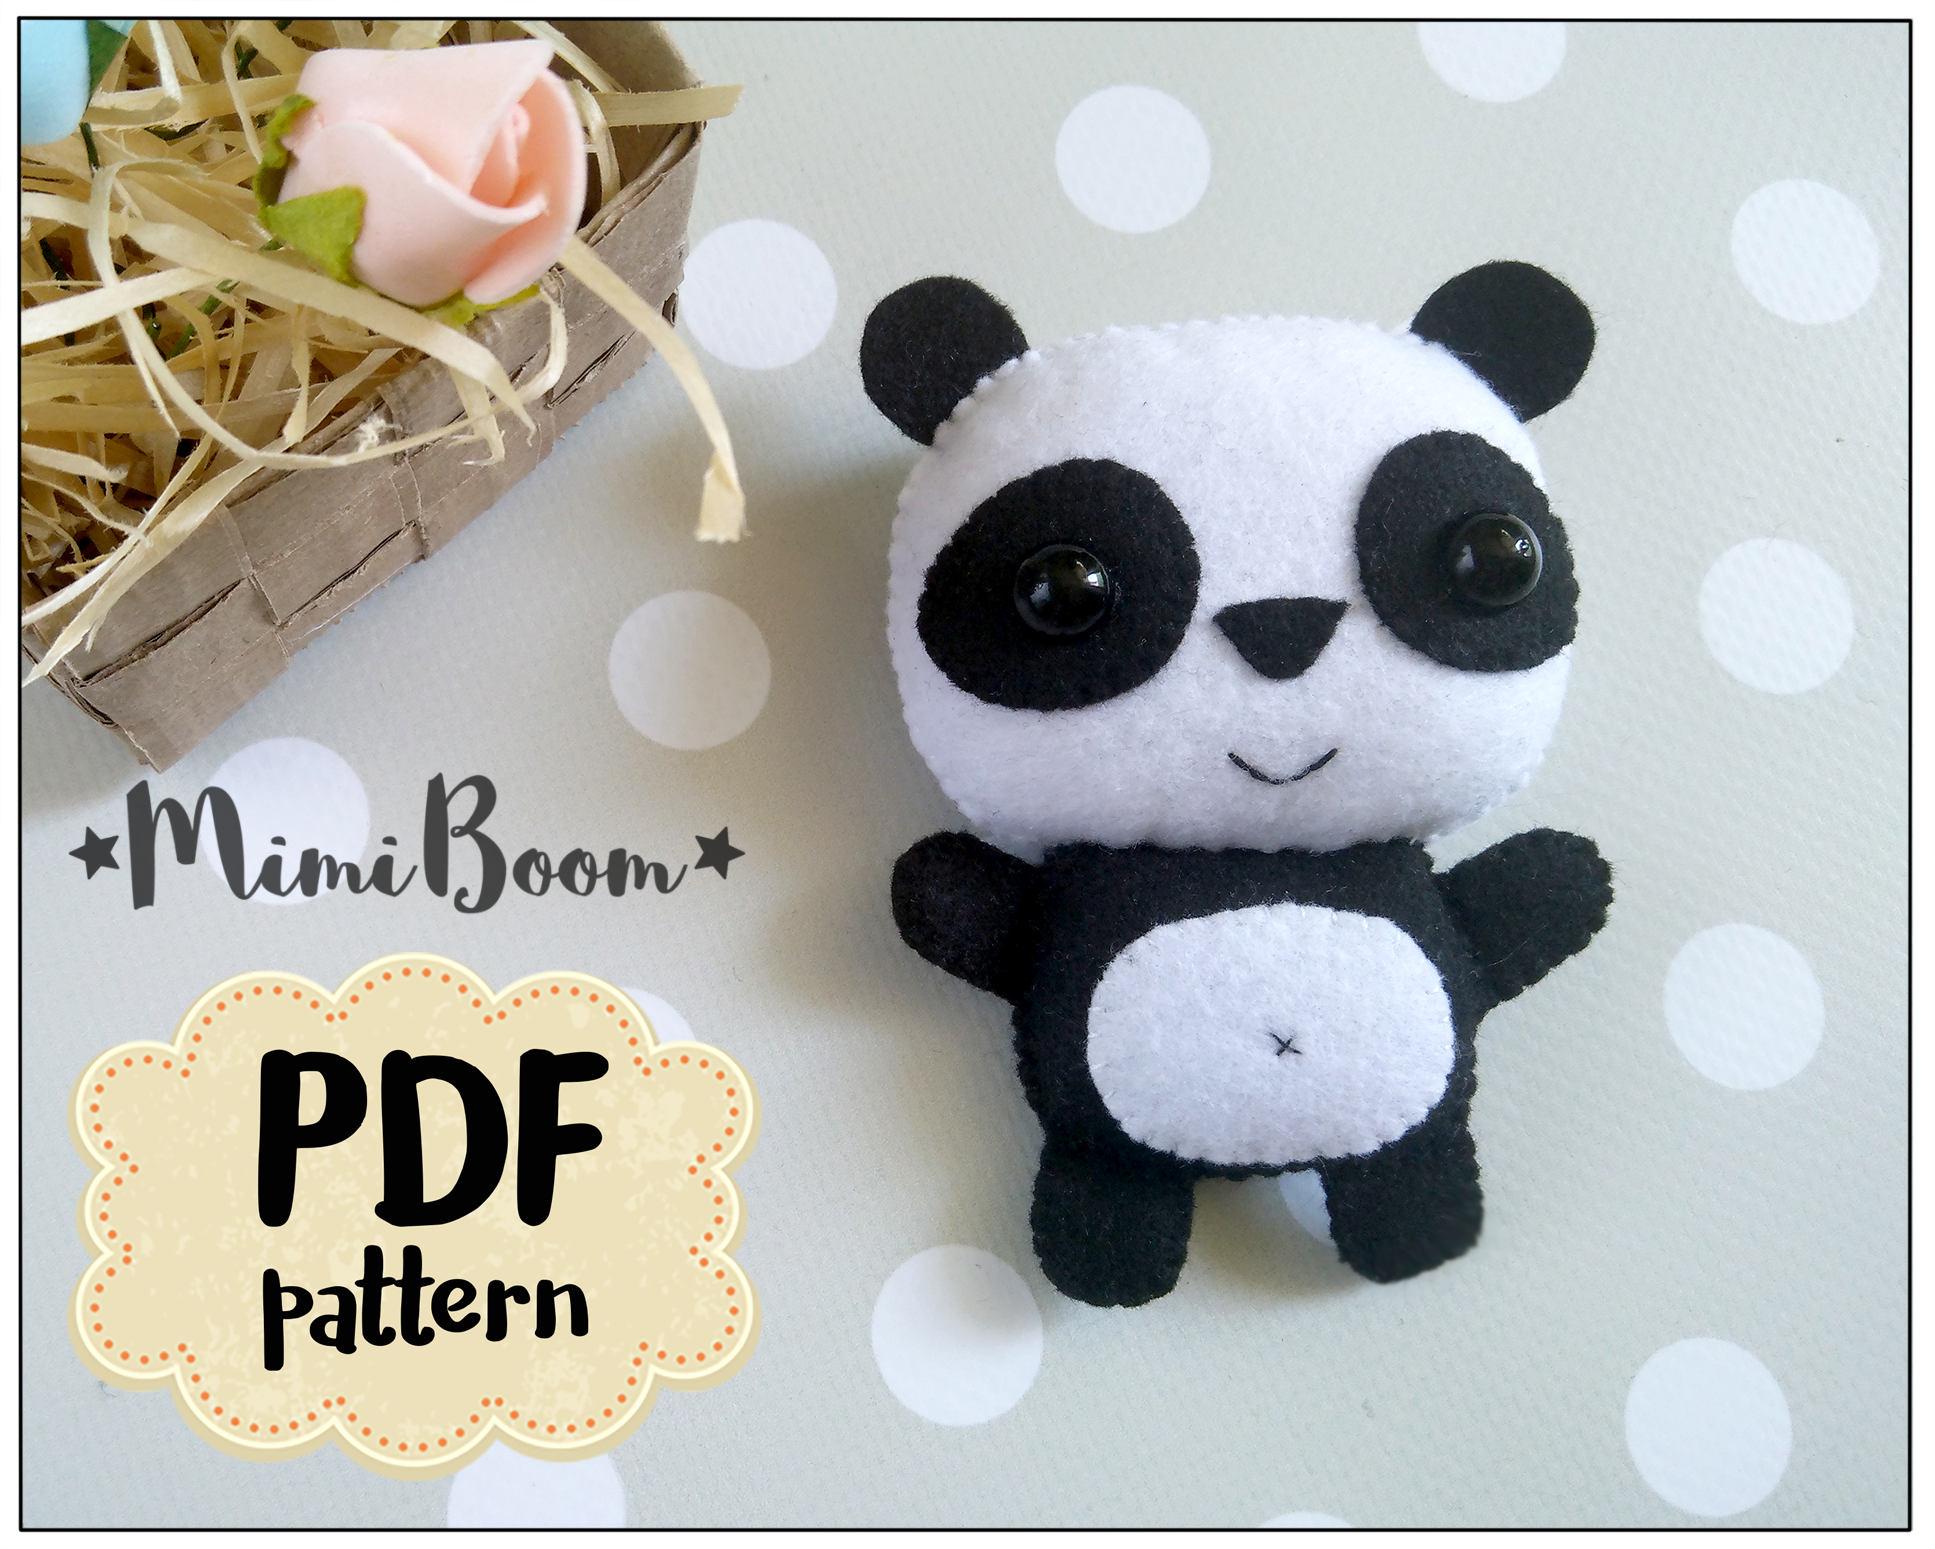 Buy Plush Panda pattern pictures trends
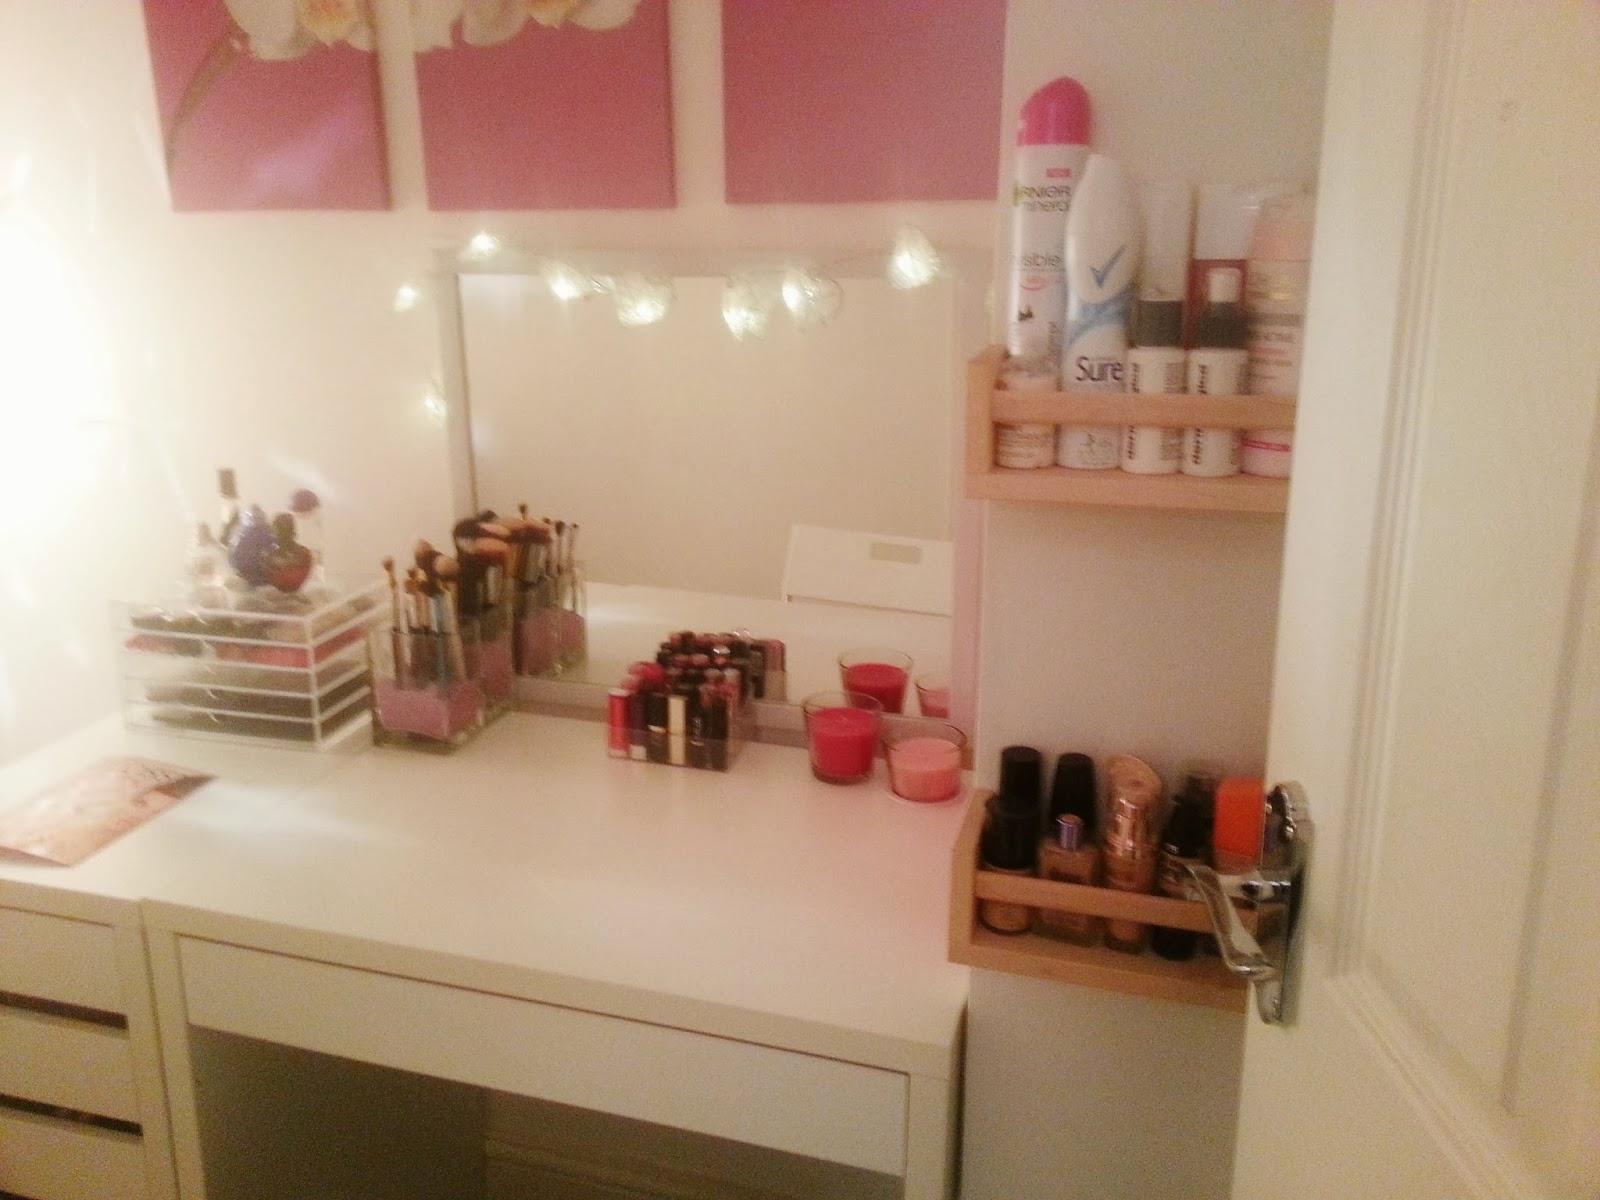 1000 images about room ideas on pinterest makeup desk ikea micke desk and makeup vanities. Black Bedroom Furniture Sets. Home Design Ideas
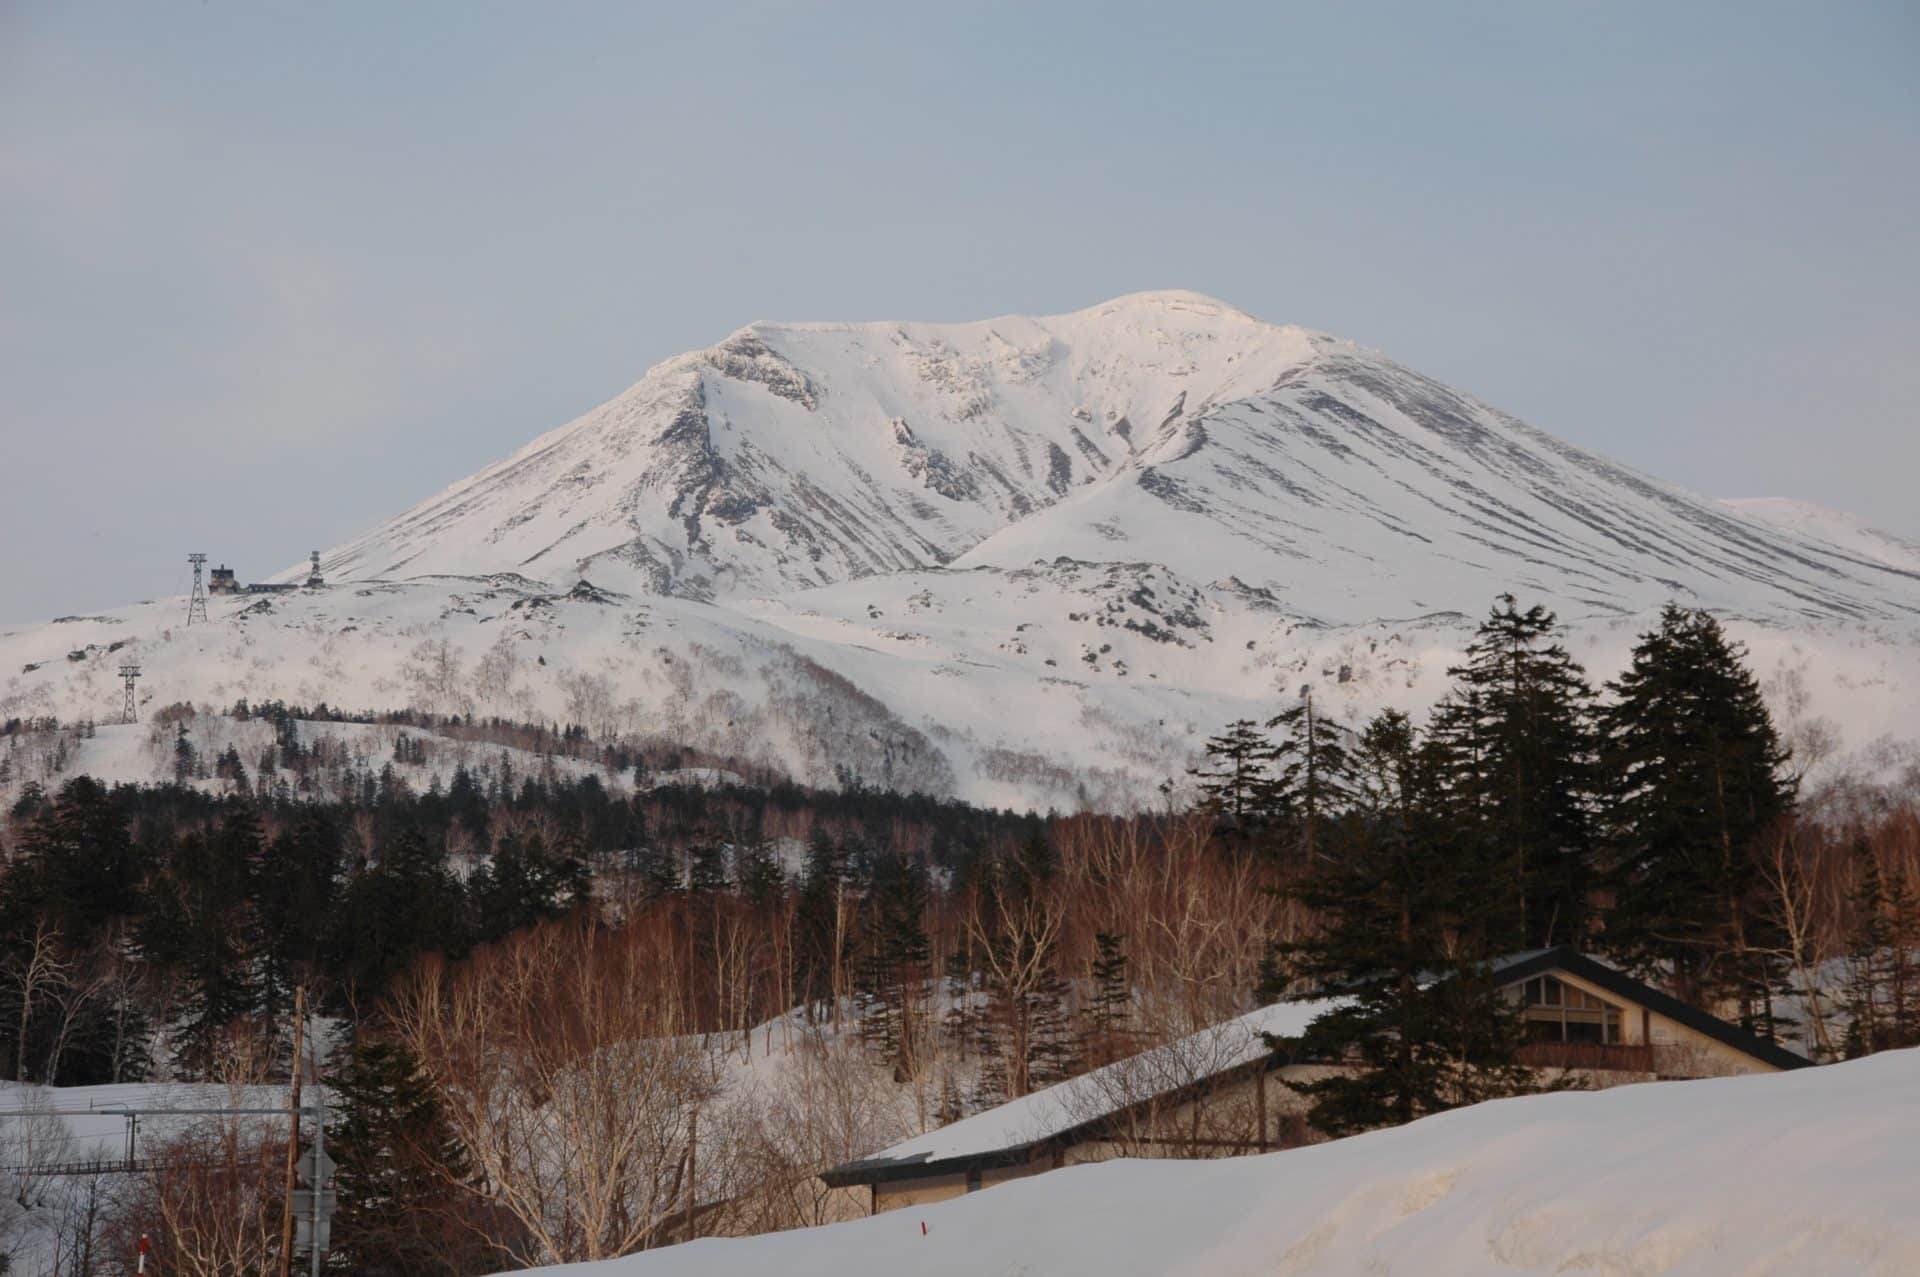 Hokkaido 9-day guided powder snowboarding

_ABOUT THIS TASK_:
Where the data contains images, drop them and print the rest exactly.

_COMPLETED EXERCISE_:
 Buy Plush Panda pattern pictures trends
 1000 images about room ideas on pinterest makeup desk ikea micke desk and makeup vanities. Black Bedroom Furniture Sets. Home Design Ideas
 Hokkaido 9-day guided powder snowboarding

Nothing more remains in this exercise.